We didn’t get to the pointy end, as we were lured by the promise of a desert white sand beach! Among mosquitos and other kind of insects, we still loved this little gem. End of the road. People only during the day, very relaxing. The perfect spot for our habitual ritual of cleaning and organising that take place everytime we come back after a long trip away from Sal Solcito. We missed her and the lifestyle we created for us. And it has become the place to come back to that allow us to survive all the hours of flying , the craziness of the cites (both Sydney and baires), the work, the intensity of being and then say goodbye to the family. We stayed in Chame for 3 days! I said to Hecti that I noticed how our modus of traveling has changed. We now spend more time in some places (unheard of a few years ago!). We are moving slowly now, knowing that we only have a few months until we fly again, so why bother hurried up?

El Valle

The heat finally pushed us out, and into the valley. Looking for some bushwalk and hike we found La india dormida. 3 days later and still can’t walk! A hike of 300 mts elevation was all my heart needed to be happy and all my legs needed to be walking like a wooden puppet! We slept on a great piece of grass next to the firefighters. Huge breeze and a difficult sting from an insect had my arm swollen into a disproportion form! Getting to know then the hospital in a nearby town was another level of experience!

And so back to Playa Ermitas, considering where to go next…

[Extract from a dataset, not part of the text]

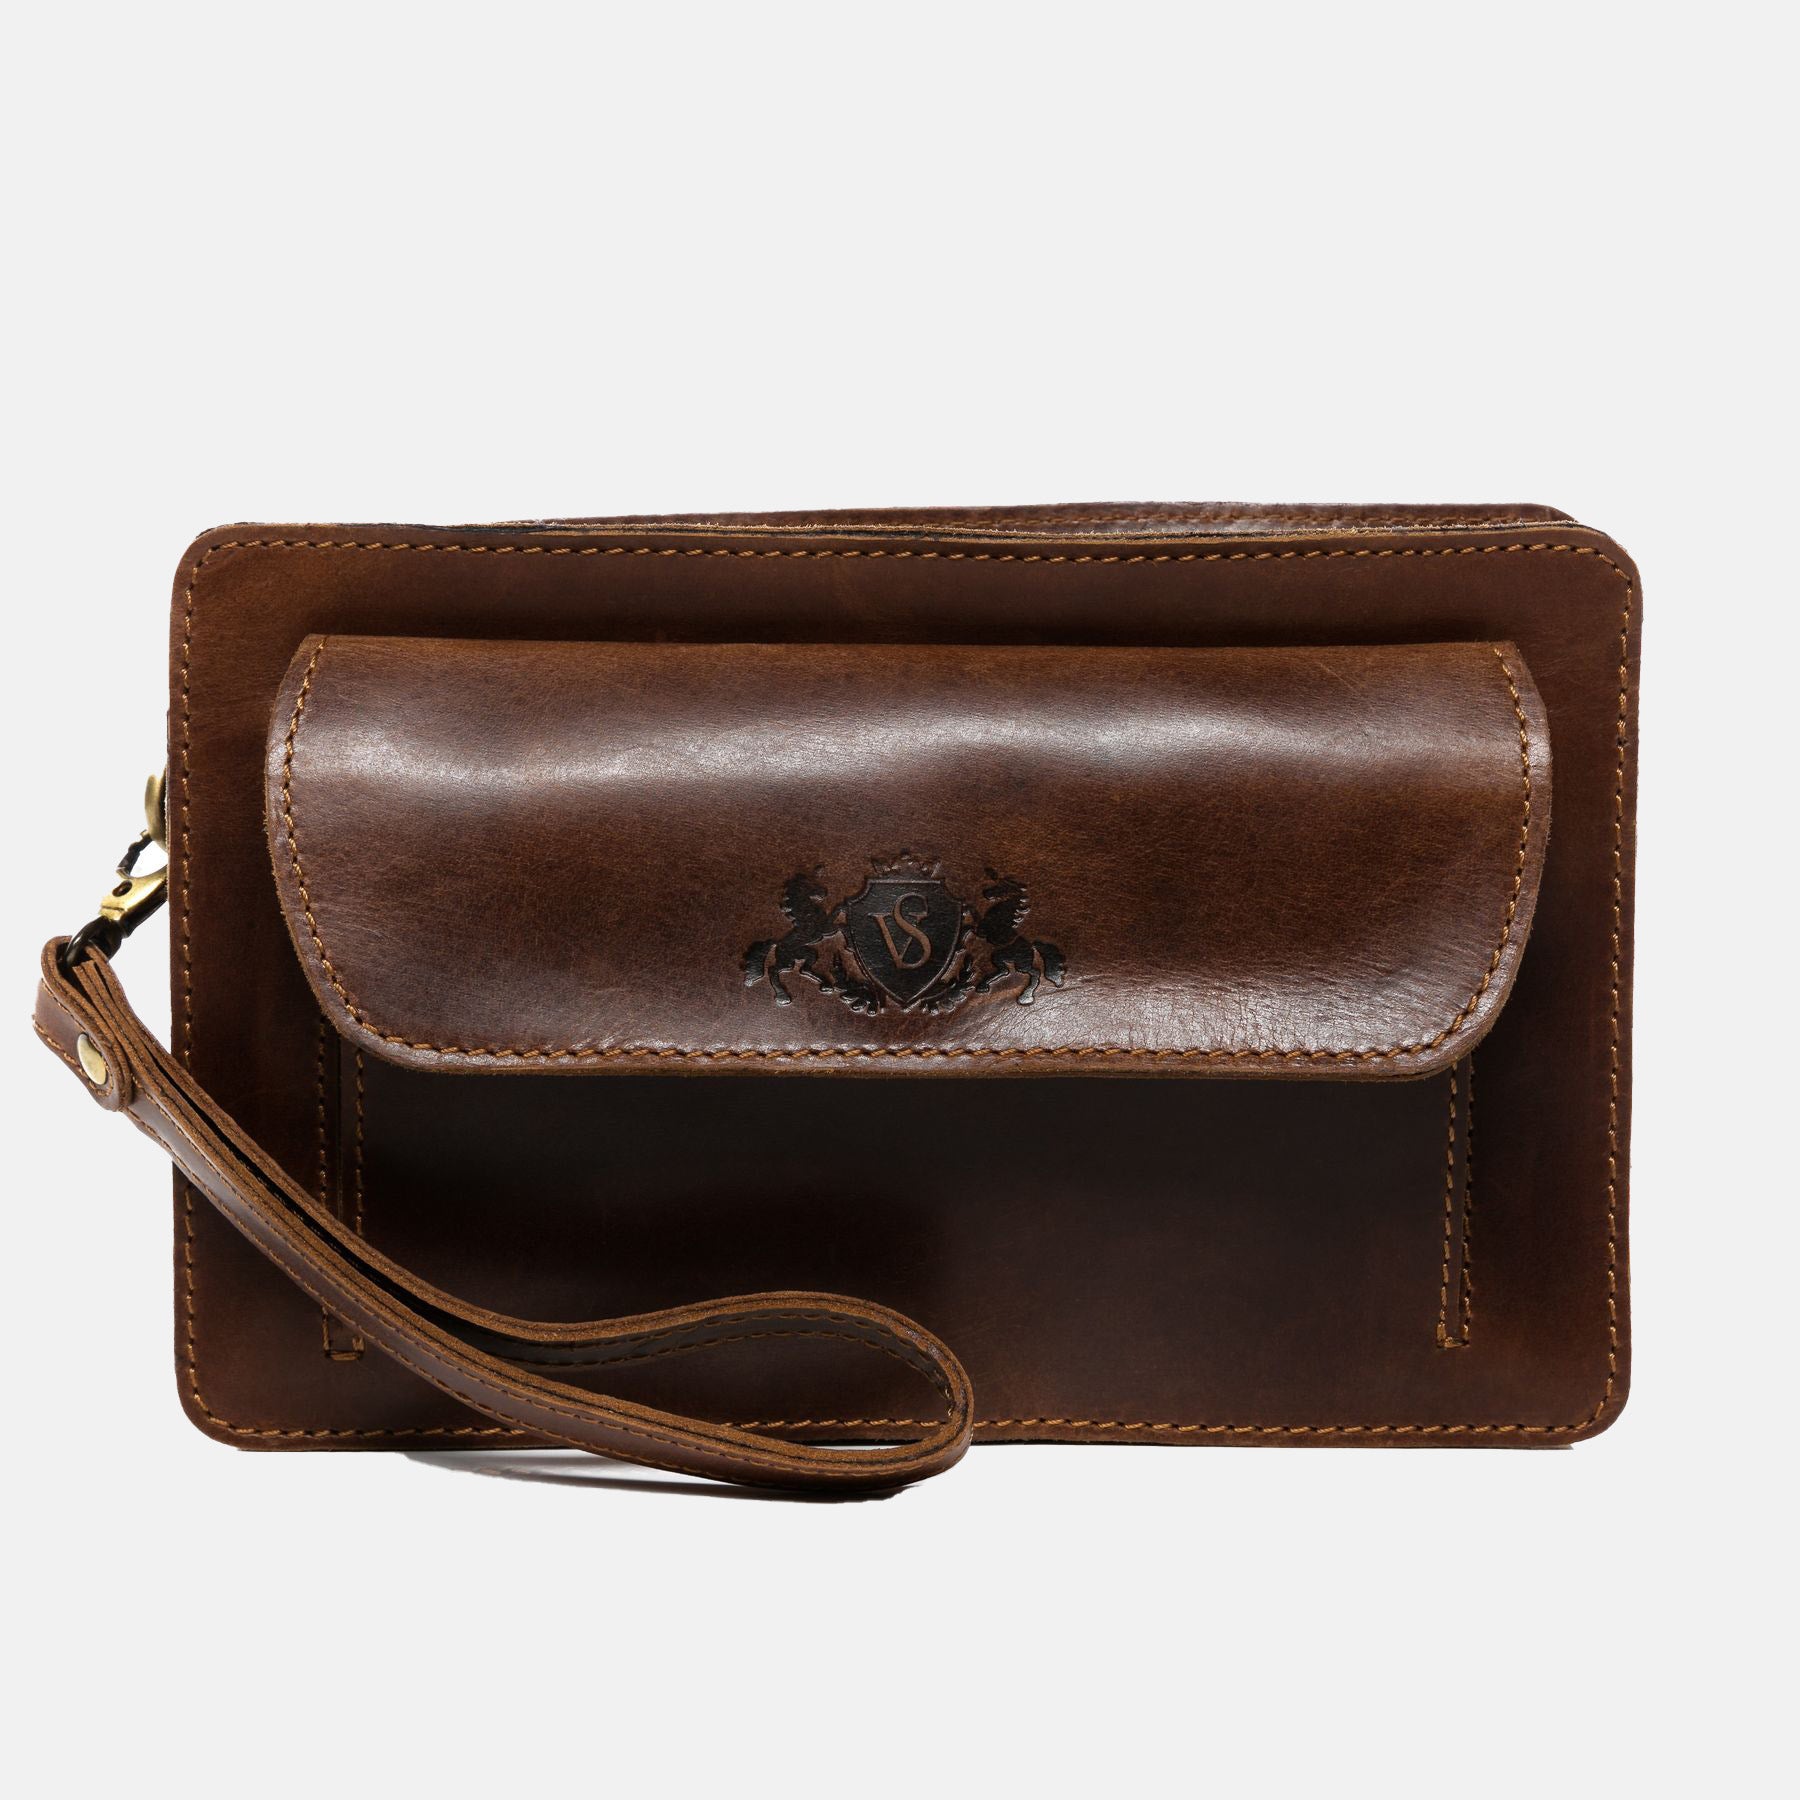 Wrist bag CORNWALL natural leather brown-cognac

We received this new year (2020!) in Playa Ermitas, playing dominos with the locals, BBQ sausages, red wine in a plastic cup, a little breeze, an absolute perfect night. We were advised of the craziness that was took place on the 1 of January. From 4 am onwards hordes of cars, people, extreme loud music and beers descended to the beach! We tried to get some sleep and when we tried to open our door it was almost impossible! We were surrounded! Walked then about 200 mts on the beach just to be able to sit quietly, enjoying the day while we waited for things to calm down. That happened around 6:00 pm and we were left with so much rubbish around us that it was really upsetting. I did grab a paper box early on and picked up every can or bottle that was left on the beach but with almost thousands of people and millions of cans it was a nonsense task.

Playa de desembarcadero

Instead of staying on the panamerican highway we continue our drive though some little towns until the heat took us back to the beach, where we found the perfect spot at Pedasi, where the boats crossed to Iguana Island.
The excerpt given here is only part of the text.